O temor pela participação popular e a superestimação de sua
organização
O que a História recente
pode nos ensinar
Por
Marcelo Botosso
Em fins de novembro de 1963, o parlamentar mais destacado da esquerda brasileira, o deputado federal e líder da Frente de Mobilização Popular, Leonel de Moura Brizola, do Partido Trabalhista Brasileiro (PTB), passou a orientar a formação e a mobilização dos Comandos Nacionalistas, também designados na época por Grupo dos Onze Companheiros ou simplesmente Grupo dos Onze. Com essa iniciativa e diante da fragilidade do governo João Goulart, Jango (PTB), o deputado e ex-governador Leonel Brizola pretendia contar com uma força extraparlamentar, organizada em todo território nacional, de caráter popular e em defesa das reformas de base, enfatizando o distributivismo, o direito de participação política e um desenvolvimentismo repleto de noções socialistas sem, contudo, a ruptura da ordem jurídico-constitucional.
A formação dos grupos aludia a um time de futebol com seus
11 jogadores, alegorizando a união em torno de ideais de conquistas coletivas,
no caso, sociais. No momento de fundação de cada um desses grupos, uma ata era
feita, obedecendo a um modelo, registrando nomes e endereços de seus membros,
entre eles o seu comandante e o subcomandante.
Os objetivos principais dos
grupos ali eram definidos: “[...] a atuação organizada em defesa das conquistas
democráticas de nosso povo, pela instituição de uma democracia autêntica e
nacionalista, pela imediata concretização das Reformas, em especial das
Reformas agrária e urbana e, a sagrada determinação de luta pela libertação de
nossa pátria da espoliação internacional.”
A ata de formação era enviada ao deputado Brizola, que
lia todos os nomes dos novos membros ao vivo pela rádio Mayrink Veiga, onde discursava
todas as noites em rede nacional. Igualmente havia uma cartilha identificada
“Manual de Ação”, servindo de norte à “Organização dos Grupos de Onze
Companheiros ou Comandos Nacionalistas (Organização do Povo)”, assinada por
Brizola em 29 de novembro de 1963.
Com a crescente popularidade do PTB em questões crucias
como a reforma agrária e o prestígio de suas duas maiores lideranças, Brizola e
Jango, os Grupos dos Onze se proliferaram país afora, sobretudo no estado
rio-grandense.
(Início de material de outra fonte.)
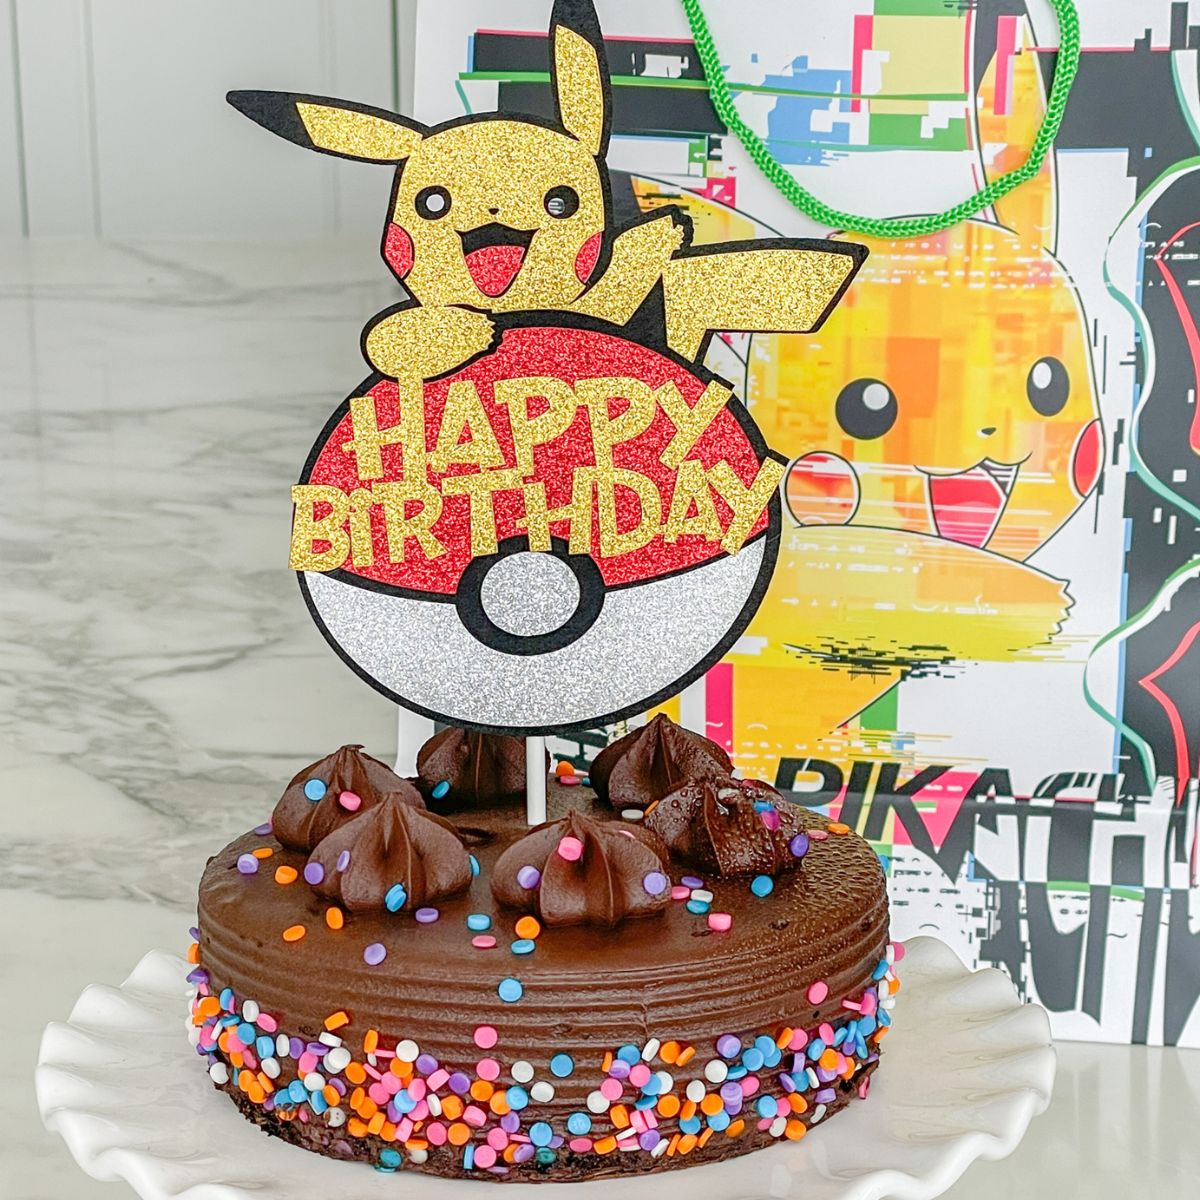 Pokemon pikachu Cake Singapore - Kids party cake Order online - River Ash  Bakery

Em tempos de intensa polarização político-ideológica, não
faltaram os que acusavam o movimento como sendo uma etapa insurrecional
golpista de esquerda. De herança escravocrata, a elite nacional, associada ao
imperialismo estadunidense, e parte da classe média, temiam a perda de seus
privilégios face ao governo trabalhista de João Goulart. Entre dezembro de 1963
e março de 1964, o tema Grupos dos Onze assume papel central nos acalorados
debates parlamentares, a despeito de sua real força e mesmo existência.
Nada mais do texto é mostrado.